Researchers find a related protein cloaking the virus has differences that could become treatment targets
(From the June 2018 issue of Research Now)
A protein that doctors use as a marker of hepatitis E virus (HEV) infection is not directly involved in the virus lifecycle but acts as a decoy drawing away antibodies, helping HEV evade the immune system and thrive, researchers in the Center for Vaccines and Immunity report in Proceedings of the National Academy of Sciences (PNAS).
Until now, it was unclear how ORF2 protein found in the blood of patients is produced or that it is different from the ORF2 protein cloaking the virus shell, or capsid.
The capsid protein, which the researchers labeled ORF2C, shares features and capabilities with the decoy protein found in blood serum, which they labeled ORF2S. But their differences may provide targets for therapies, the researchers say.
HEV infects about 20 million people annually, mostly in underdeveloped countries.
“In certain cases, HEV can cause a high mortality rate, especially in pregnant women,” says Zongdi Feng, PhD, a principal investigator at The Research Institute’s Center for Vaccines and Immunity and senior author of the study. “In developed countries, the most important clinical problem is chronic infection in the immunosuppressed. The infection can result in liver fibrosis within two years, which is much faster than hepatitis B and C.”
“There is currently no therapy for the immunosuppressed,” says Xin Yin, PhD, a postdoctoral research fellow at the center and lead author. “We could possibly use an antibody that specifically binds to the capsid protein and would not be absorbed by the serum protein for treating the immunosuppressed.”
The ORF2S protein is found in high numbers freely circulating in the blood serum of infected patients and the liquid covering HEV-infected cell cultures in the lab.
By analyzing ORF2 protein produced in cultures, Drs. Feng and Yin and colleagues found the vast majority of the protein in the covering liquid was not associated with the infectious virus. Though similar, it appears to have differences in size, structure and some chemistry from ORF2C.
The researchers also found that the gene that directs production of ORF2S is the same gene that directs production of ORF2C; the start codon incorrectly thought to be the starting point for ORF2C actually initiates ORF2S. ORF2C is initiated 15 codons downstream. The 15 more amino acids in ORF2S create a signal sequence that causes the virus to secrete the protein, and in far higher numbers than ORF2C.
The researchers suggest the secreted proteins act as decoys to keep the immune system busy without attacking the actual virus.
“Production of the serum protein may be how the virus copes with the host and persists,” Dr. Feng says. “We need to take a more detailed look in an animal model.”

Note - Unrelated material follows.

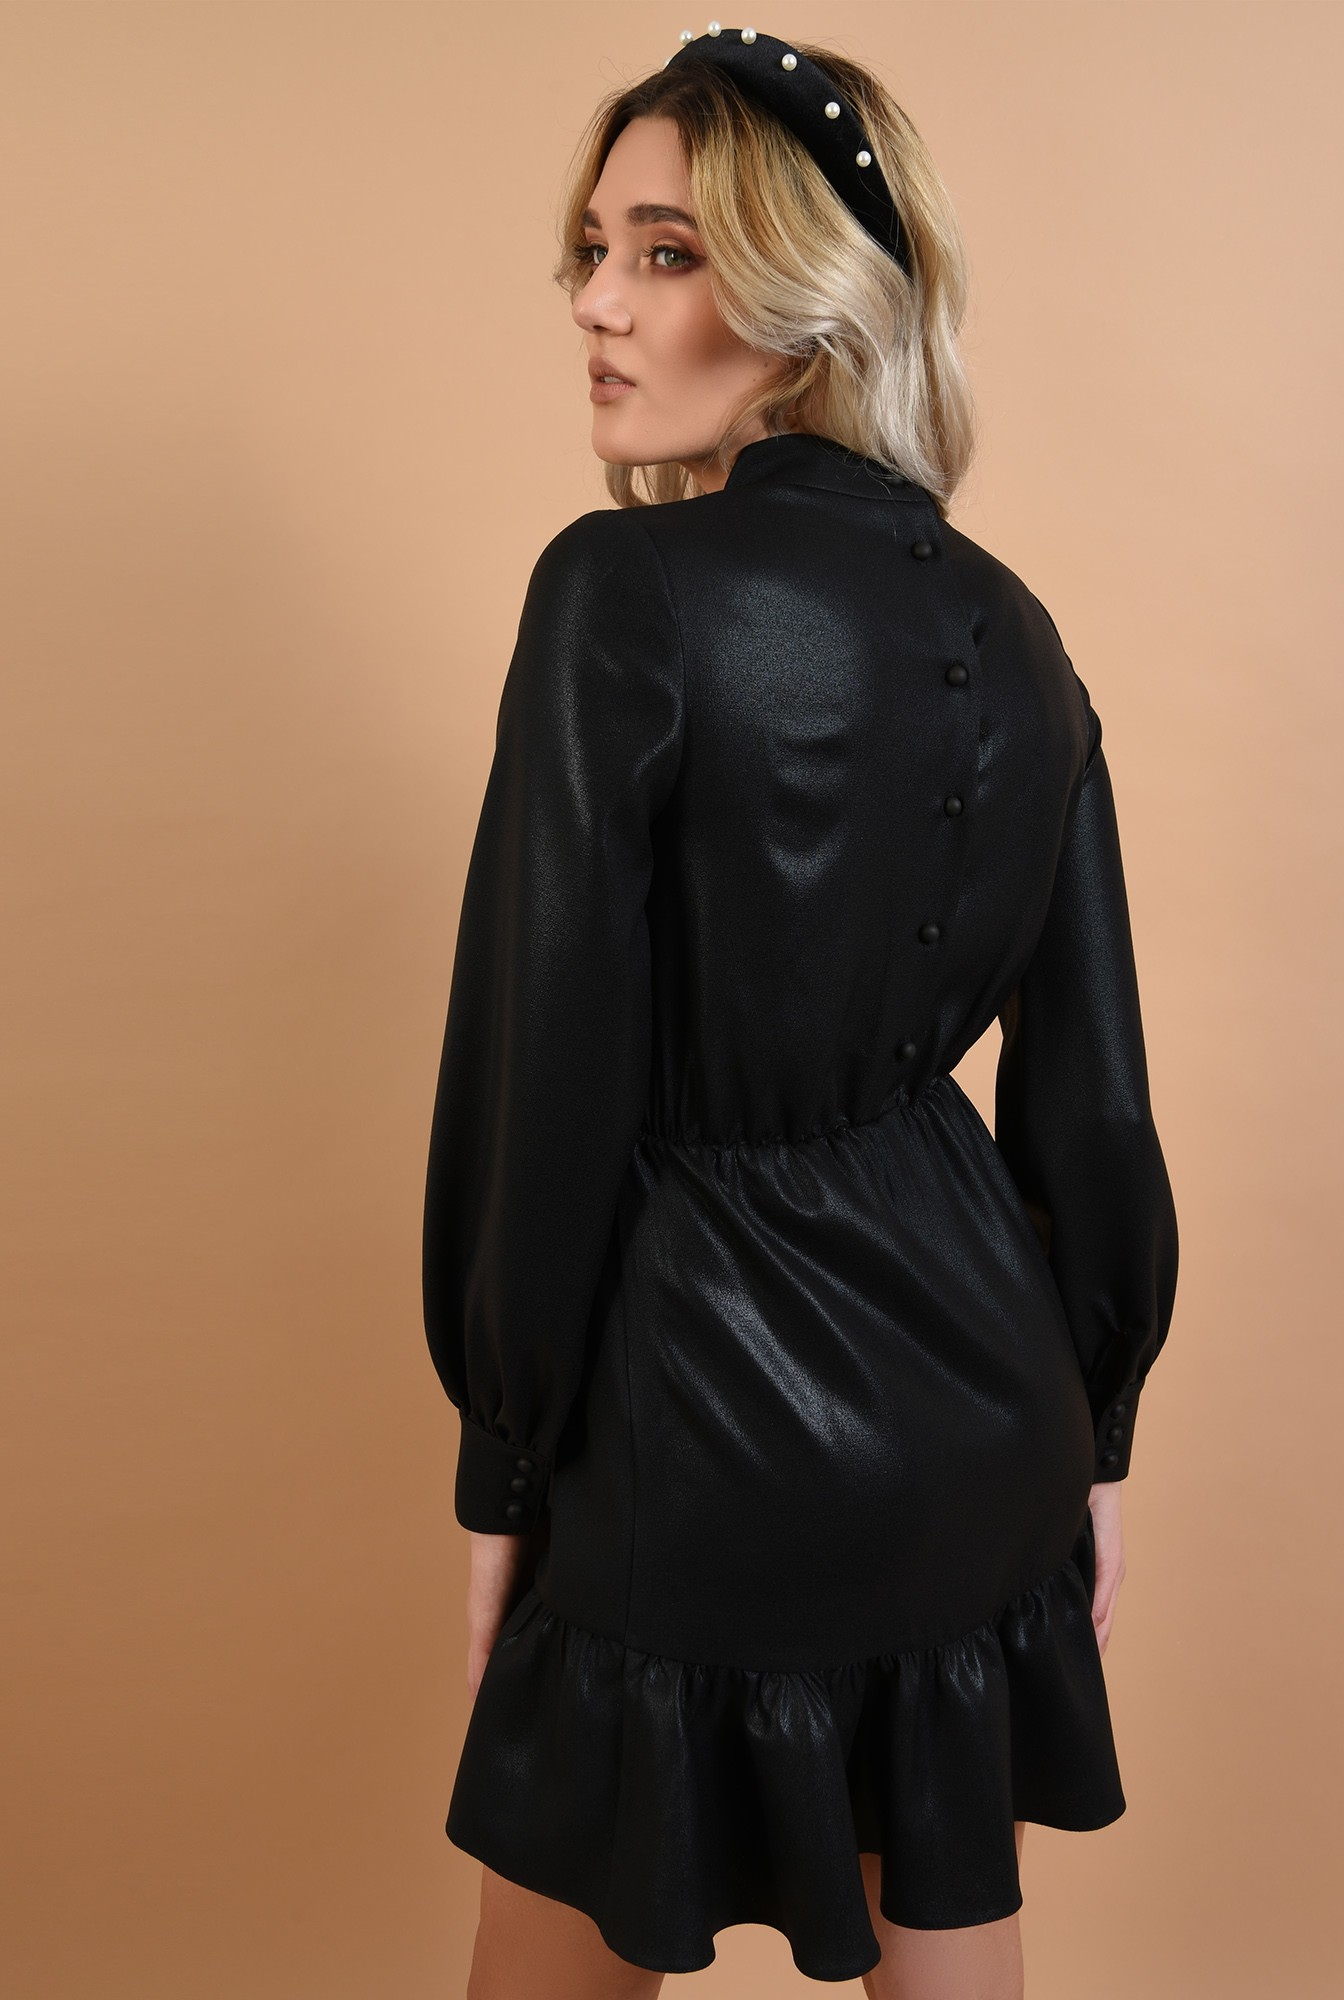 1 - 360 - rochie neagra, de ocazie, croi petrecut, nasturi la spate, Poema

Drs. Feng and Yin are collaborating with other researchers to identify the similarities and differences in the structure of the two proteins. Their research is funded by Nationwide Children’s, the National Institutes of Health and the American Association for the Study of Liver Disease Foundation. They are also seeking continuing funding to investigate how the serum protein operates during the infection process and the implications.Citation: Yin X, Ying D, Lhomme S, Tang Z, Walker CM, Xia N, Zheng Z, Feng Z. Origin, antigenicity, and function of a secreted form of ORF2 in hepatitis E virus infection. Proceedings of the National Academy of Sciences. 2018 May 1;115(18):4773-4778. doi: 10.1073/pnas.1721345115. Epub 2018 Apr 18.